I don't know if I'm adding much here, but I also do not think anything about the iris should change color temp, unless possibly it affected temp inside of the lamp housing.

 

I have a couple of ideas about testing your meter, though. David Goldfarb indicated that there are two (color sensitive) cells behind the diffuser, and it is possible to direct the light more to one of the cells. I don't know how your light source optics are working, but possibly the meter illumination becomes uneven on stopping down. To test if this is a factor, you might take one reading, then invert the meter (using some sort of holding jig) and see if the reading stays the same. If no change, it seems likely (as others have suggested), that the meter goes into error with low light levels.

 

I'm not sure how one would get 5500 K out of a tungsten filament.
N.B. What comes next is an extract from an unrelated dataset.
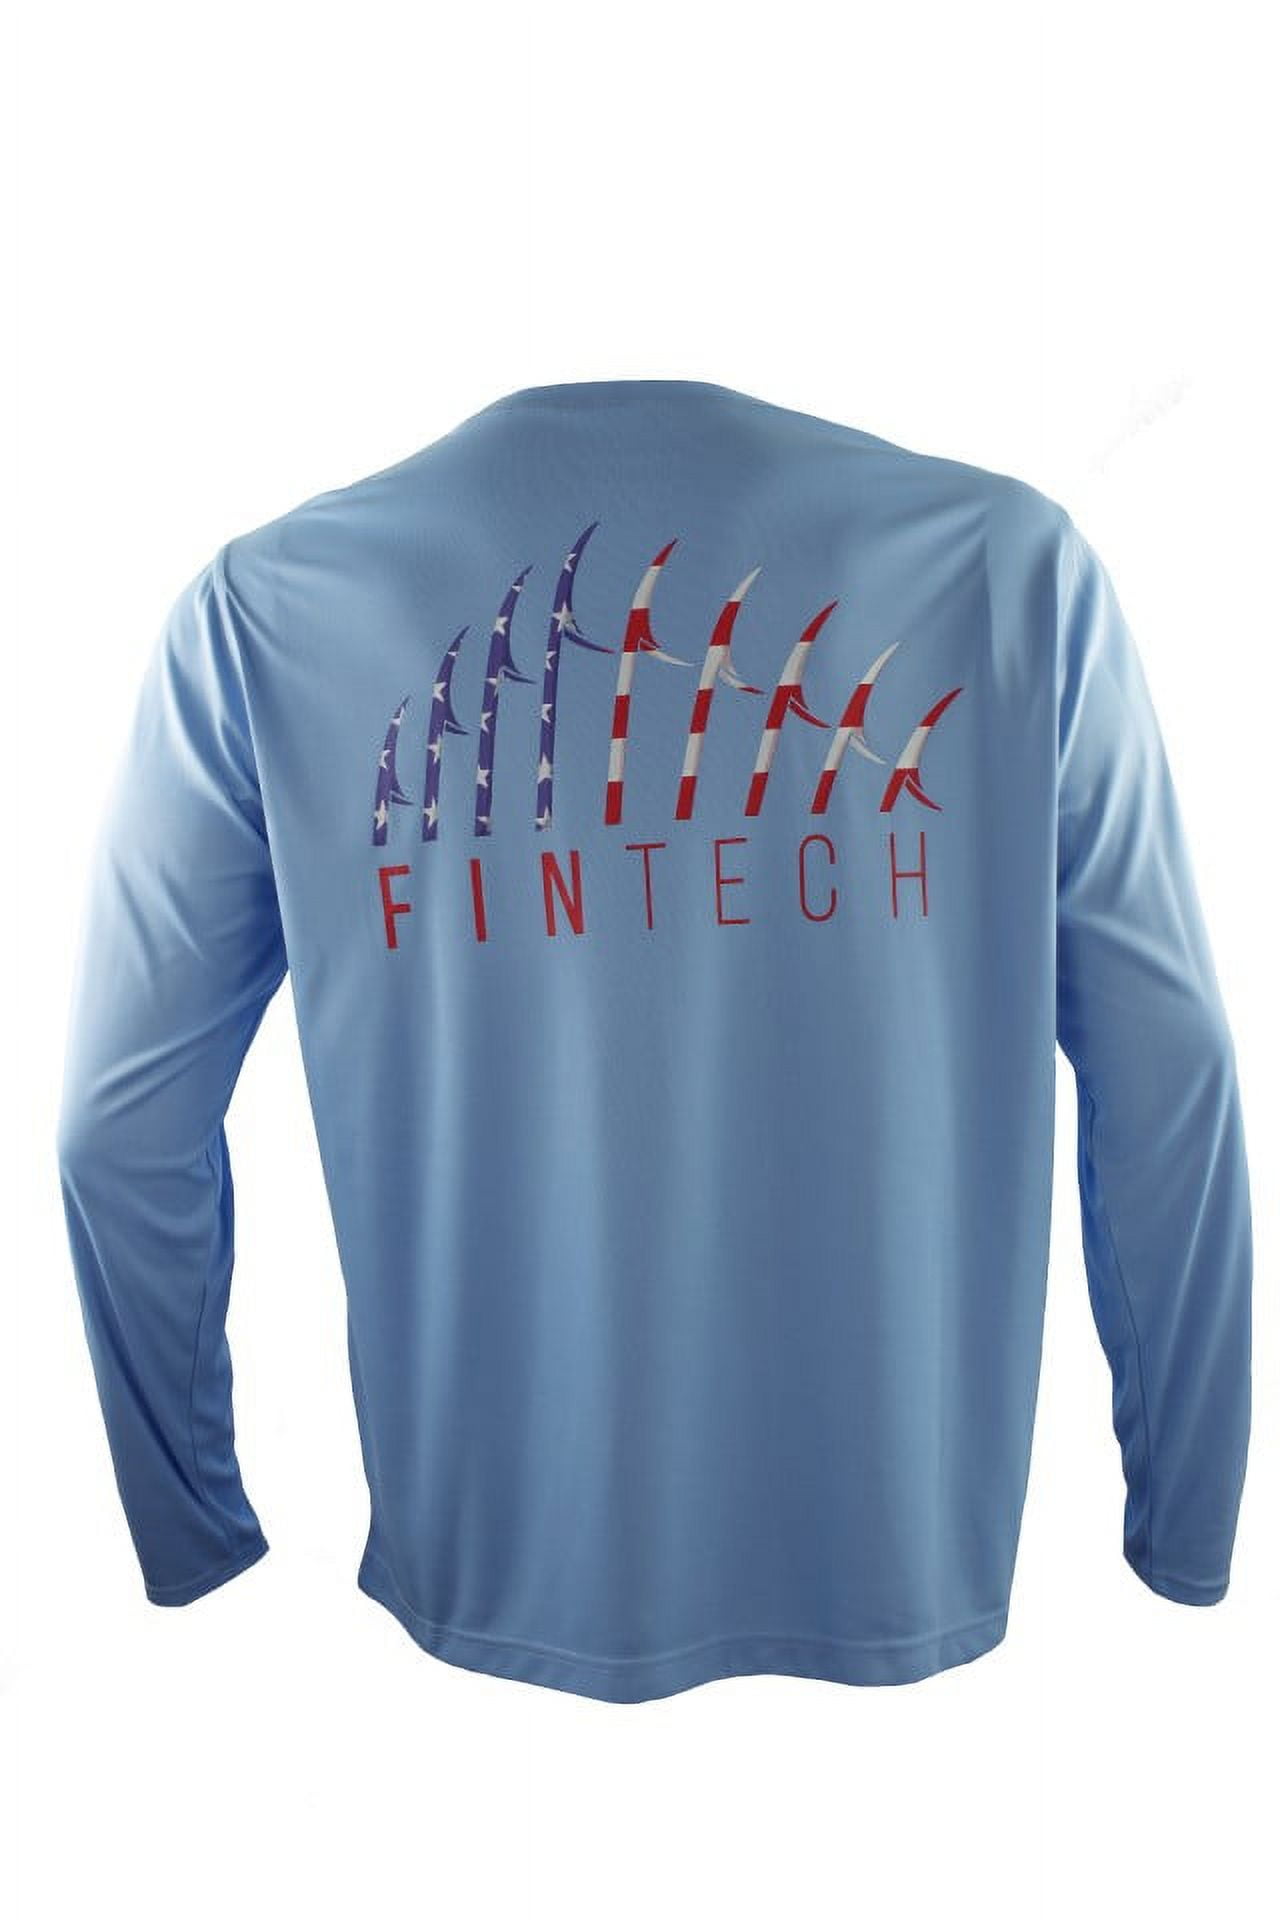 FinTech Men's Long Sleeve Fishing Shirt Freedom FinTech - 3XL 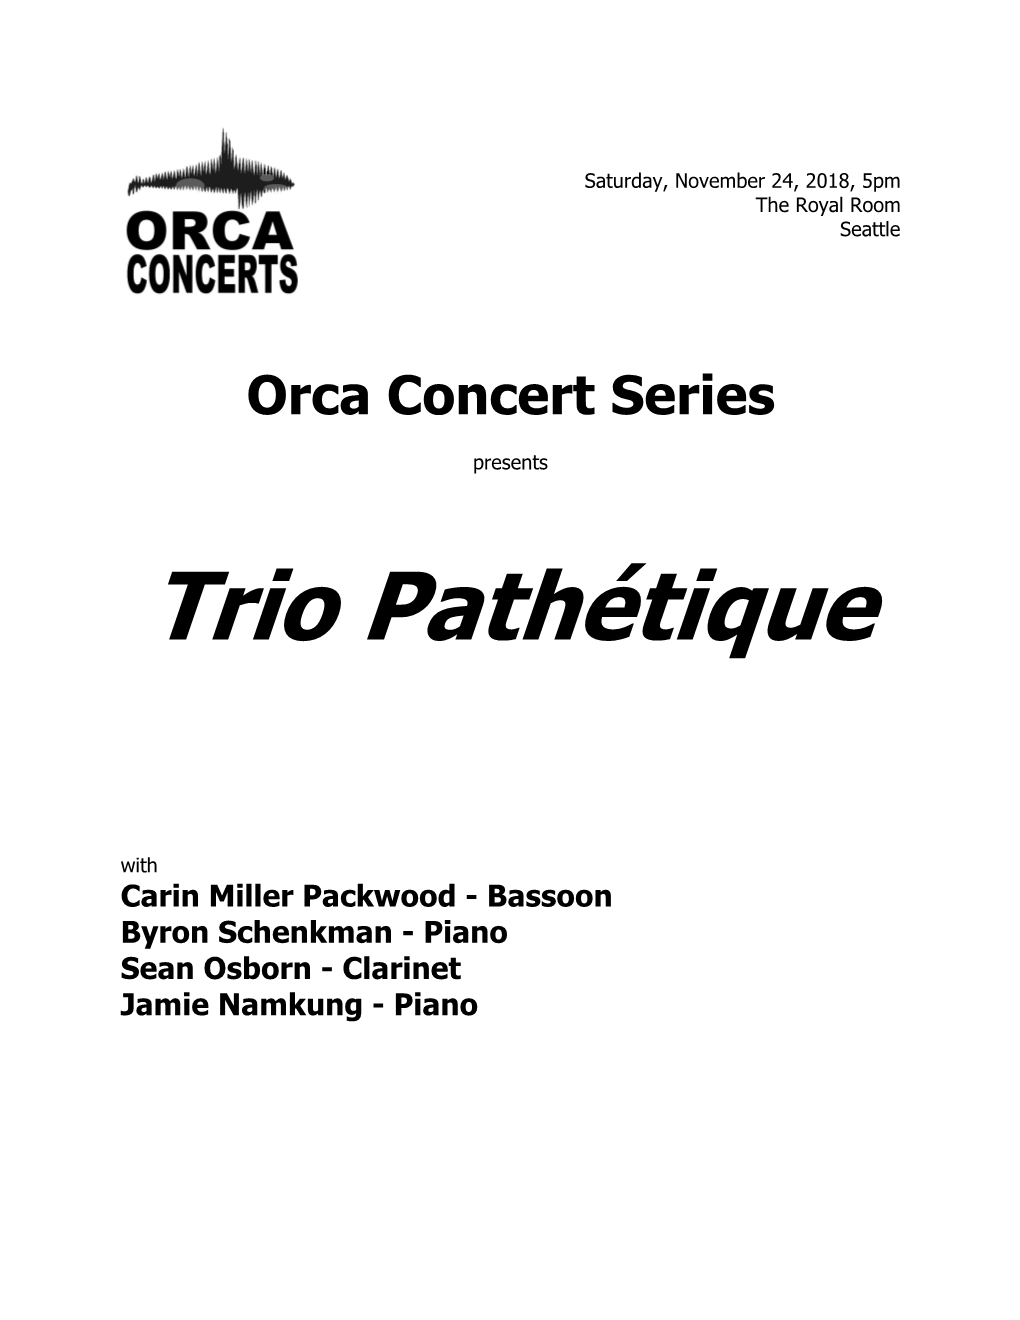 Trio Pathetique Program

I expect you know this, but just in case, tungsten melts ~3400 deg C, I believe. So clearly there needs to be some color filtration to mimic 5500 K light. Possibly there is some sort of mismatch between the Gossen sensors and the light source filtration such that the light seen be one of the cells is drastically reduced compared to the other.

 

It might be interesting to see what the meter reads from the bare tungsten source, including at various distances.

 

PS: for the casual reader, Ron said it's a halogen source; this normally means there is a tungsten filament in a small bulb filled with a halogen gas. For various reasons, this allows one to operate the filament at a slightly higher temperature than with a conventional tungsten bulb.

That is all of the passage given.